For your other dataset, the situation is a little better, with a result:

[[Model]]
    Model(func)
[[Fit Statistics]]
    # fitting method   = leastsq
    # function evals   = 82
    # data points      = 9
    # variables        = 3
    chi-square         = 1118.19957
    reduced chi-square = 186.366596
    Akaike info crit   = 49.4002551
    Bayesian info crit = 49.9919289
    R-squared          = 0.98272310
[[Variables]]
    offset:  320.876843 +/- 42.0154403 (13.09%) (init = 375)
    scale:   4797.14487 +/- 2667.40083 (55.60%) (init = 5000)
    decay:   1.93560164 +/- 0.47764470 (24.68%) (init = 4)
[[Correlations]] (unreported correlations are < 0.100)
    C(scale, decay)  = 0.995
    C(offset, decay) = 0.940
    C(offset, scale) = 0.904

the correlations are still high, but the parameters are reasonably well determined. Also, note that the best-fit values here are much closer to those you got from Igor, and probably "within the uncertainty".

And this is why one always needs to include uncertainties with the best-fit values reported from a fit.

Answer 2

Set 1:

x = [ 1.06, 1.06, 1.06, 1.06, 1.06, 1.06, 0.91, 0.91, 0.91 ]

y = [ 476, 475, 476.5, 475.25, 480, 469.5, 549.25, 548.5, 553.5 ]

One observe that they are only two different values of x: 1.06 and 0.91

On the other hand they are three parameters to optimise: P0, P1 and P2. This is too much.

In other words an infinity of exponential curves can be found to fit the two clusters of points. The differences between the curves can be due to slight difference of the computation methods of non-linear regression especially due to the methods to chose the initial values of the iterative process.

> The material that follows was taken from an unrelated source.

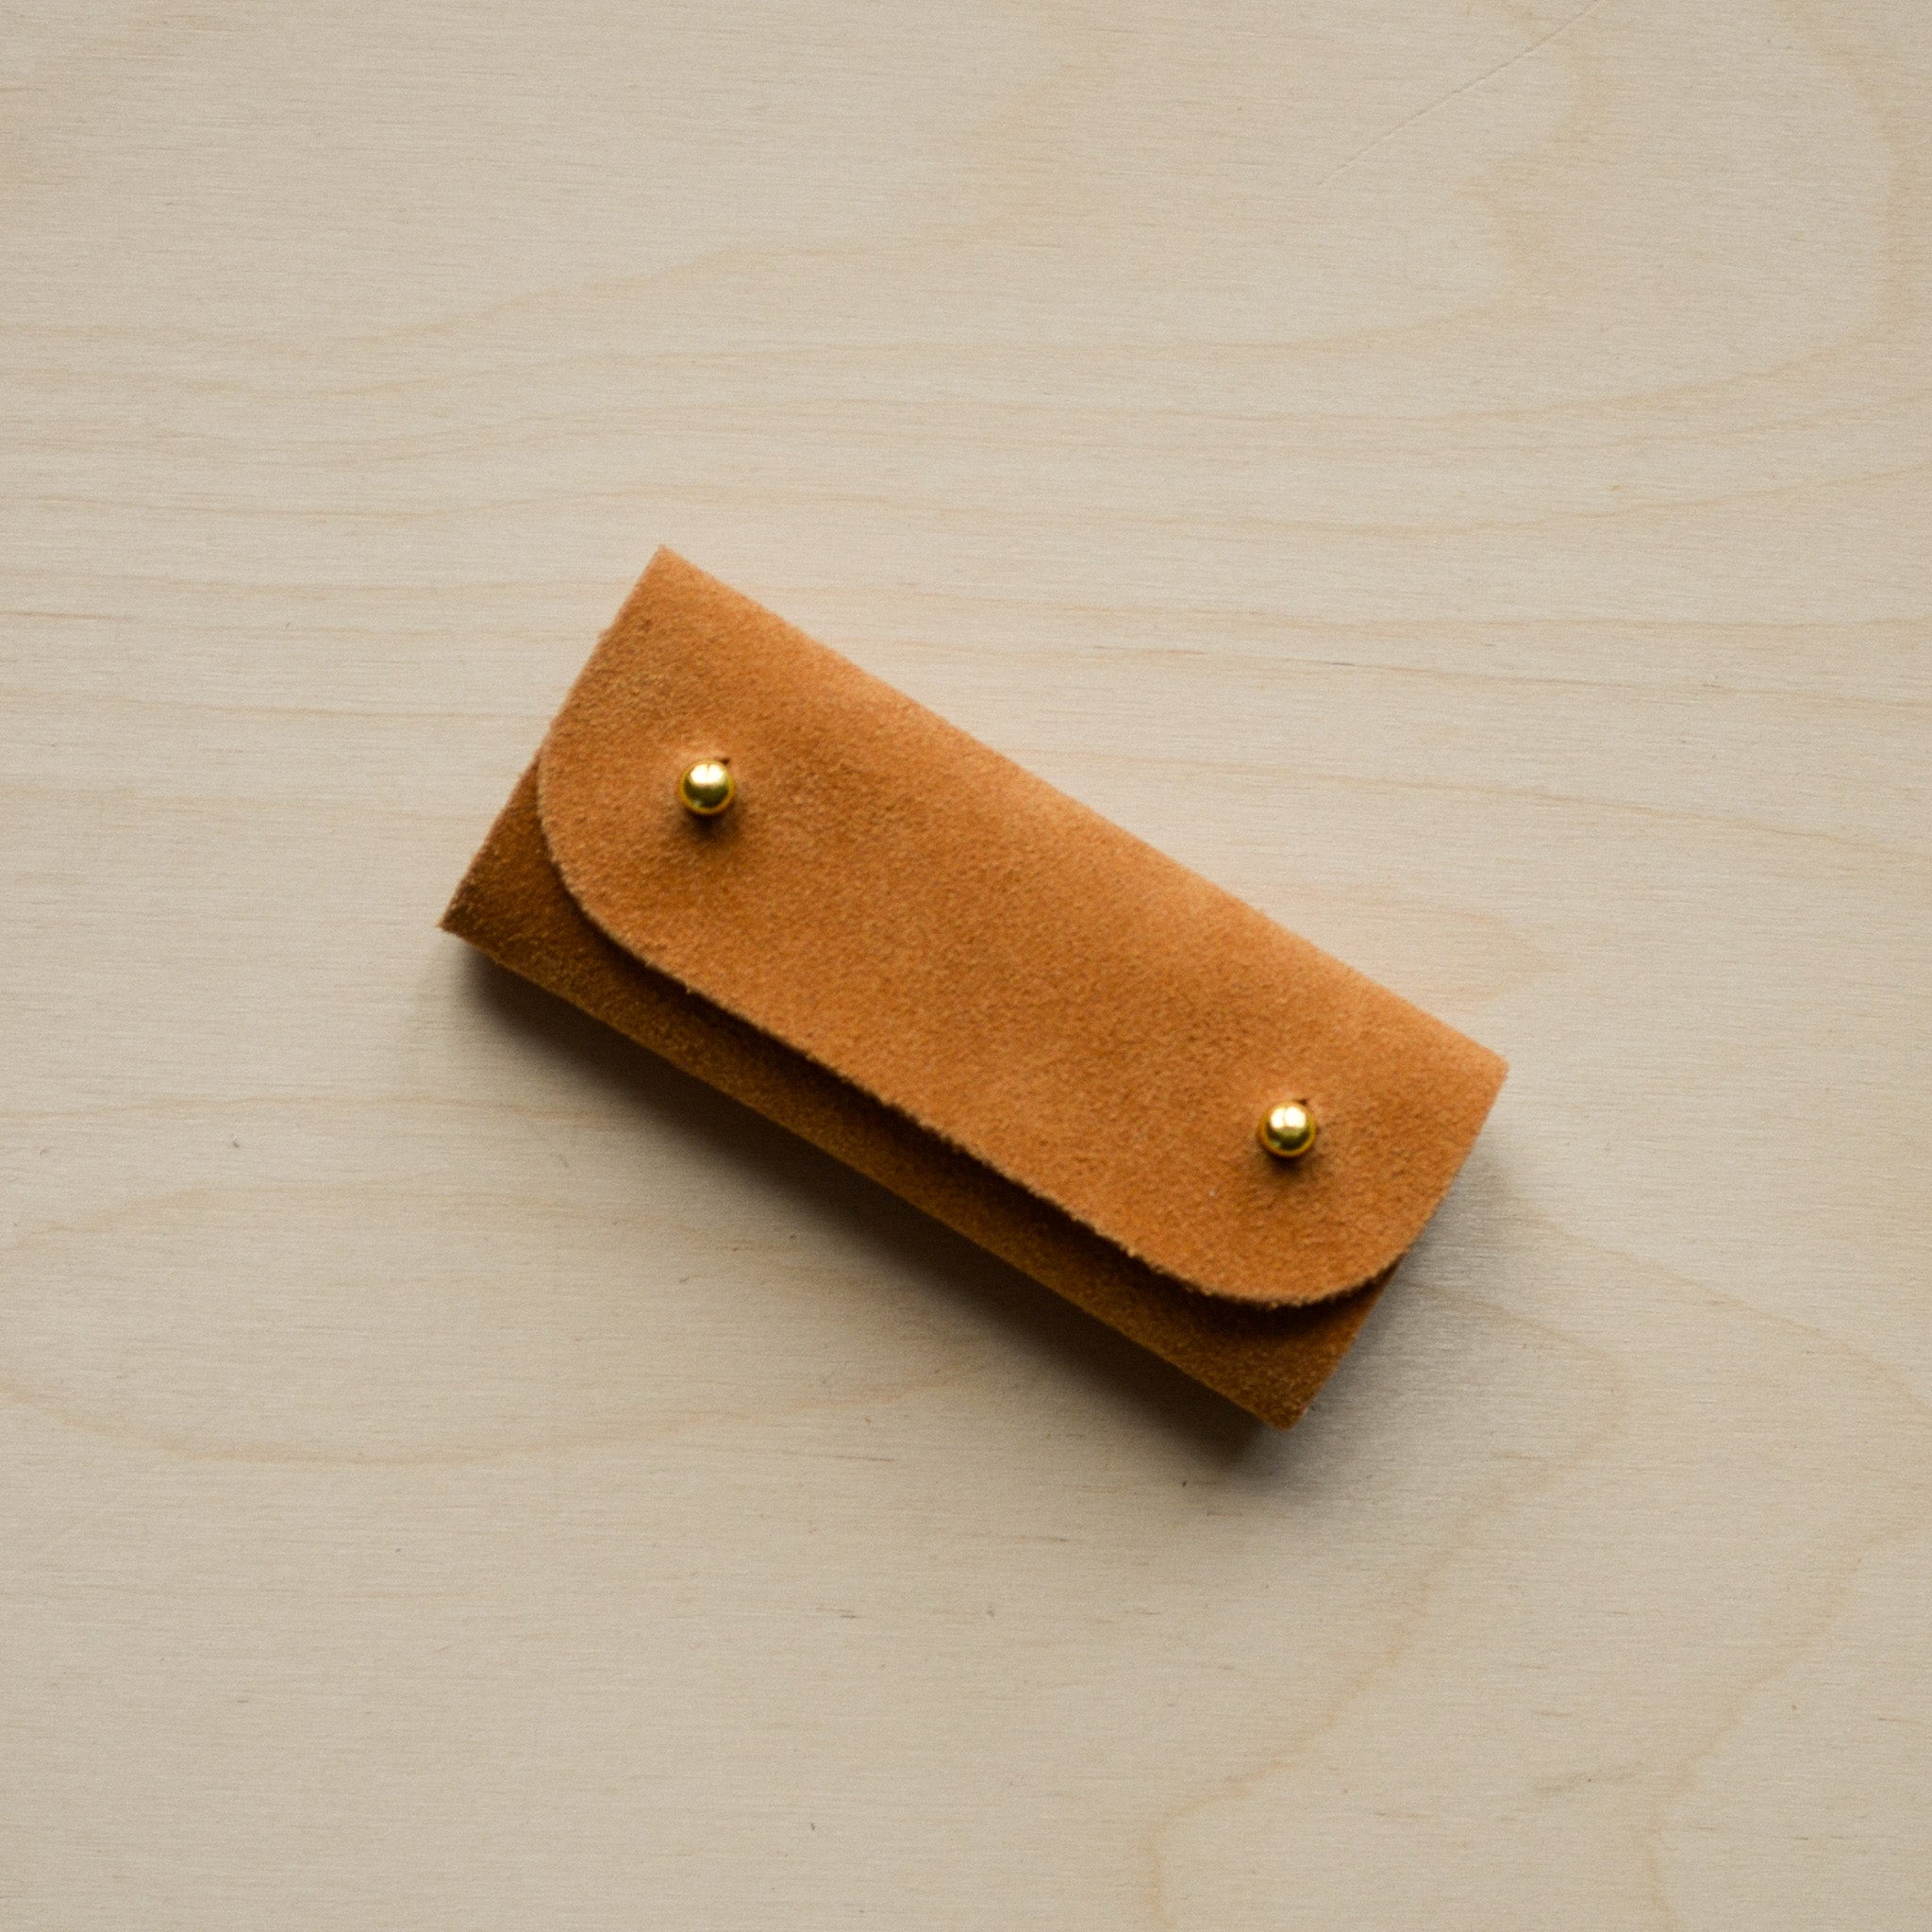 Tan brown mini sewing needle case.

In this particular case a simple linear regression would be without ambiguity.

By comparison:

Thus both Igor and Curve_fit give excellent fitting: The points are very close to both curves. One understand that infinity many other exponential fuctions would fit as well.

---

Set 2:

x = [ 1.36, 1.44, 1.41, 1.745, 2.25, 1.42, 1.45, 1.5, 1.58]

y = [ 648, 618, 636, 485, 384, 639, 630, 583, 529]

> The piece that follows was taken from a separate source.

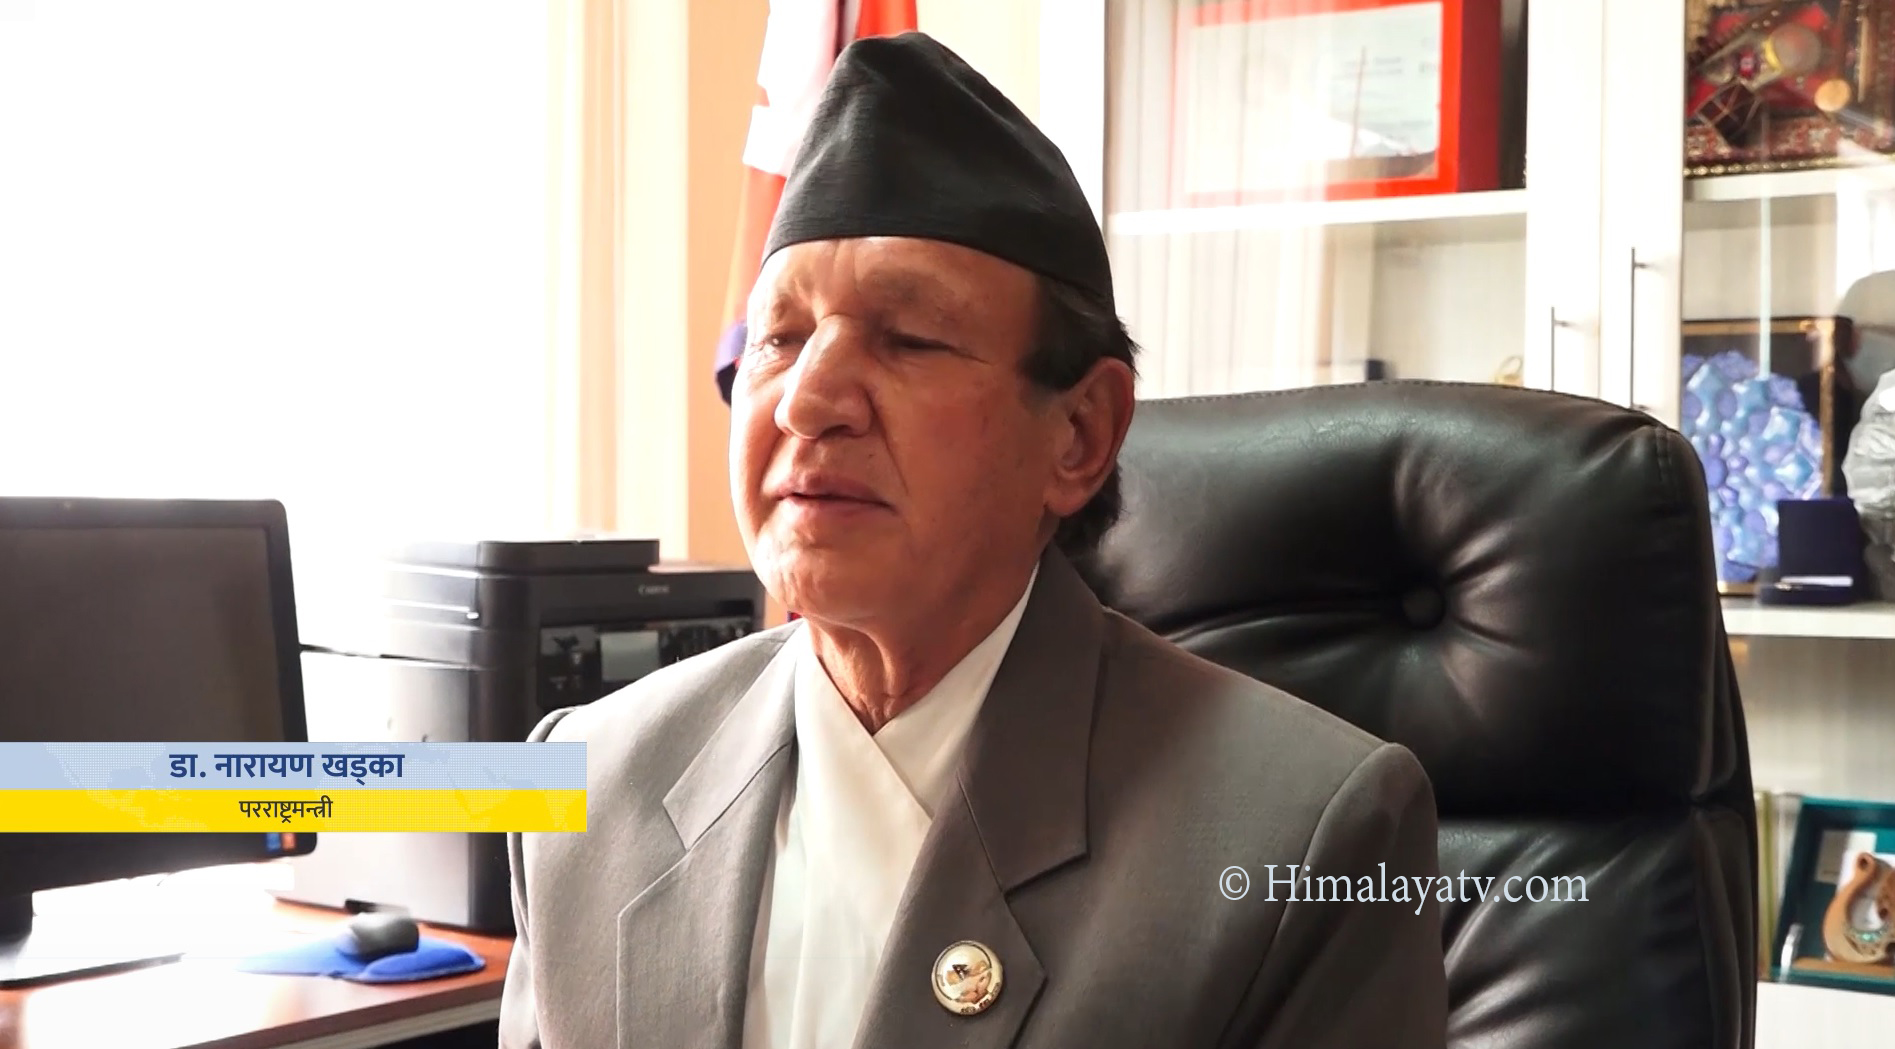 नेपालमा छिट्टै उच्चस्तरीय भ्रमण हुने परराष्ट्रमन्त्री खड्काको दाबी

The difficulty that you meet might be due to the choice of "guessed" initial values of the parameters which are required to start the iterative process of nonlinear regression.

In order to check this hypothesis one can use a different method which doesn't need initial guessed values. The MathCad code and numerical calculus are shown below.

Don't be surprised if the values of the parameters that you get with your software are slightly different from the above values (a, b, c). The criteria of fitting implicitly set in your software is probably different from the criteria of fitting set in my software.

Blue curve: The method of regression is a Least Mean Square Errors wrt a linear integral equation to which the exponential equation is solution. Ref.: https://fr.scribd.com/doc/14674814/Regressions-et-equations-integrales

This non-standard method isn't iterative and doesn't require initial "guessed" values of parameters.